End result is millions of pages left to rot as nobody can be found responsible for their maintanance. The biggest argument agains the internet, probably the greatest information resource, is the lack of authenticity of the material - often a good way of deciding on it's accuracy or potential bias. Everything is good in this respect in that it places clear emphasis on who wrote the content and when.

Perhaps I'm being unreasonable to level criticism at HTML in this respect? Whilst many of these problems are human rather than technical, I do feel a language designed for the web should have perhaps priorly considered them - what would be wrong with a mandatory <AUTHOR> tag?

7. But...
Despite all of this HTML has one redeeming feature that makes it palatable and extremely popular; <A HREF="www.go...">

It's not really surprising BT tried to patent the hyperlink. Its a damned fine idea and makes the web what it is.
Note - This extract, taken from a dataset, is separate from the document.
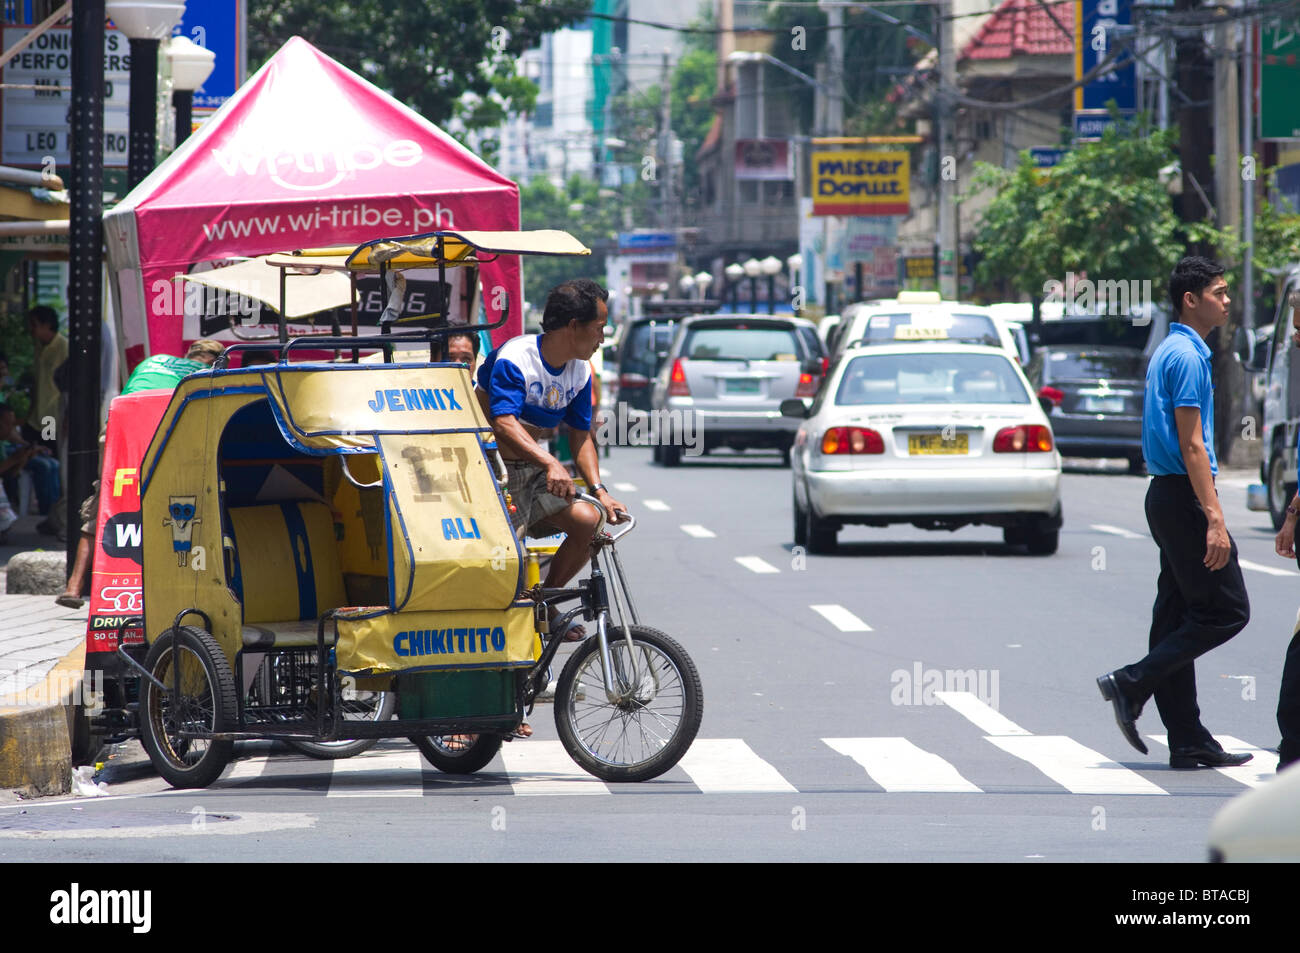 Streetscene del malato, un quartiere di Manila, la città capitale di phlippines Foto Stock

Linking pages together and providing a clear and easy method of navigation is an enlightened idea. Without a doubt the reason the web was such a sucess is the ease in which a user can move form site to site. Only with increasing volume of data have search engines begun to supercede the hyperlink in the primary source of generating traffic for your website.

In the light of this you can't help but like HTML, even though it is flawed in every way. From design to use it's an apauling mess, and even though superior solutions such as XML exist, it's likely to remain with us for some considerable time.